» **WHAT YOU HAVE TO DO**
Repeat the records below exactly from the line containing "I Paesi Bassi, Otterlo, Parco" to the line containing "Tandem Snowboarding Friends", taking in both of those lines. Drop the pictures.

» **DATA FOR PROCESSING**
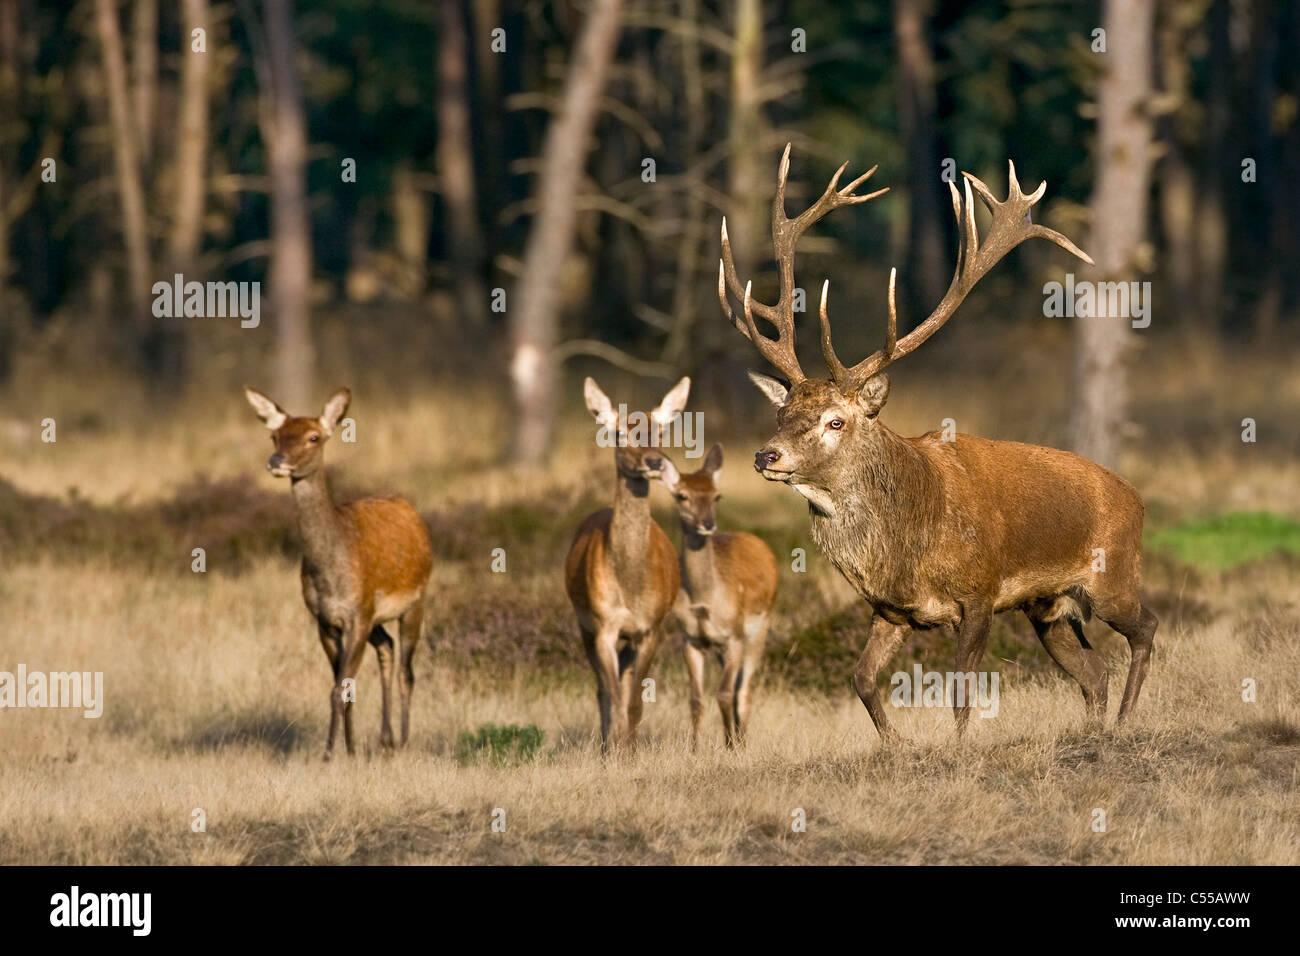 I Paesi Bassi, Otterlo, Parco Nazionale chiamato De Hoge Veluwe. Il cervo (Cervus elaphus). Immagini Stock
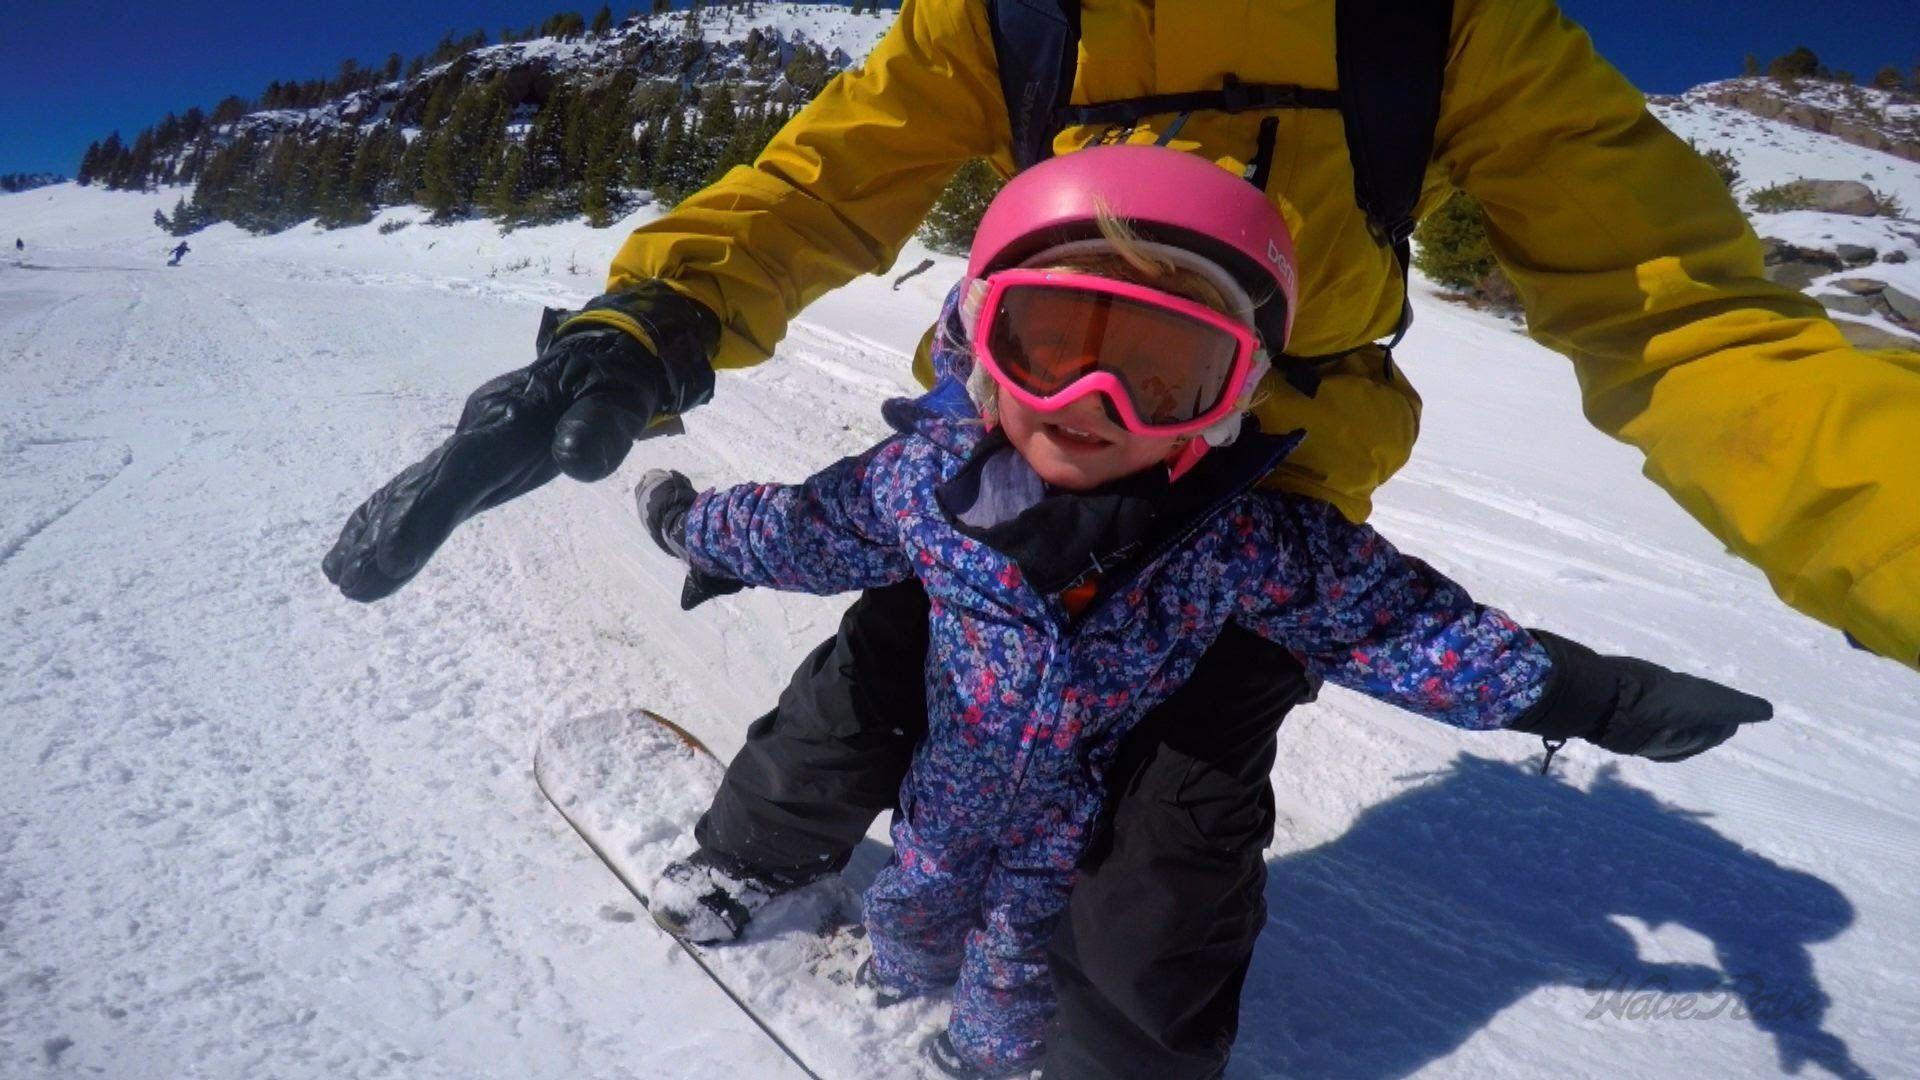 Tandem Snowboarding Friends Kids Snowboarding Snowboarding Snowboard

* * *

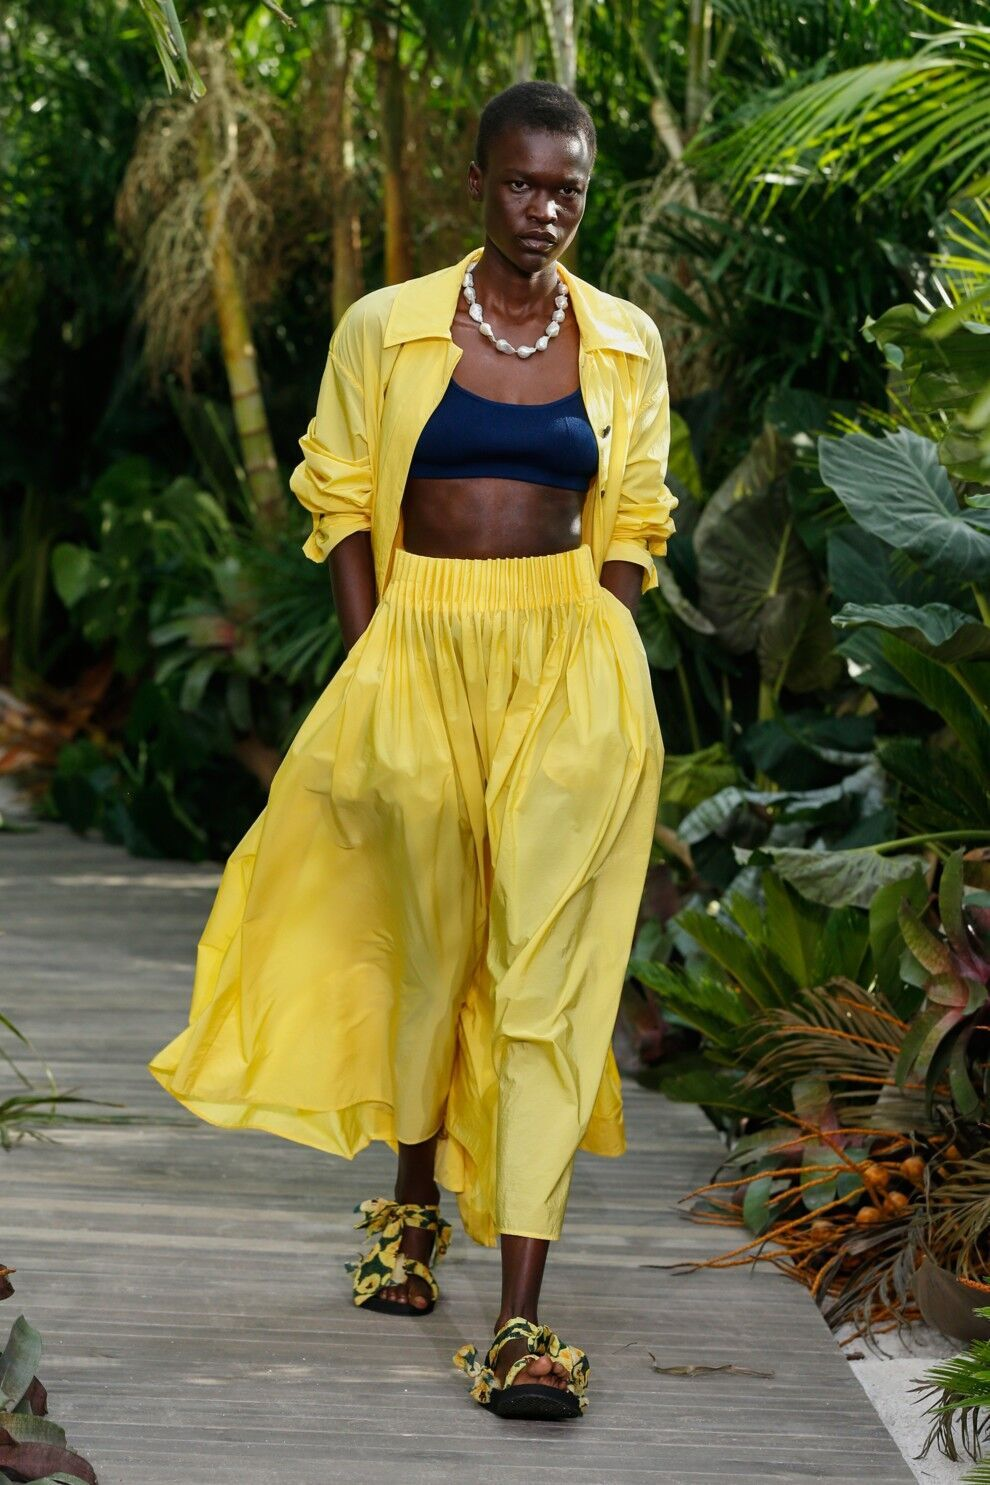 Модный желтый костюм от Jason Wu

» **RESPONSE**
 I Paesi Bassi, Otterlo, Parco Nazionale chiamato De Hoge Veluwe. Il cervo (Cervus elaphus). Immagini Stock
 Tandem Snowboarding Friends Kids Snowboarding Snowboarding Snowboard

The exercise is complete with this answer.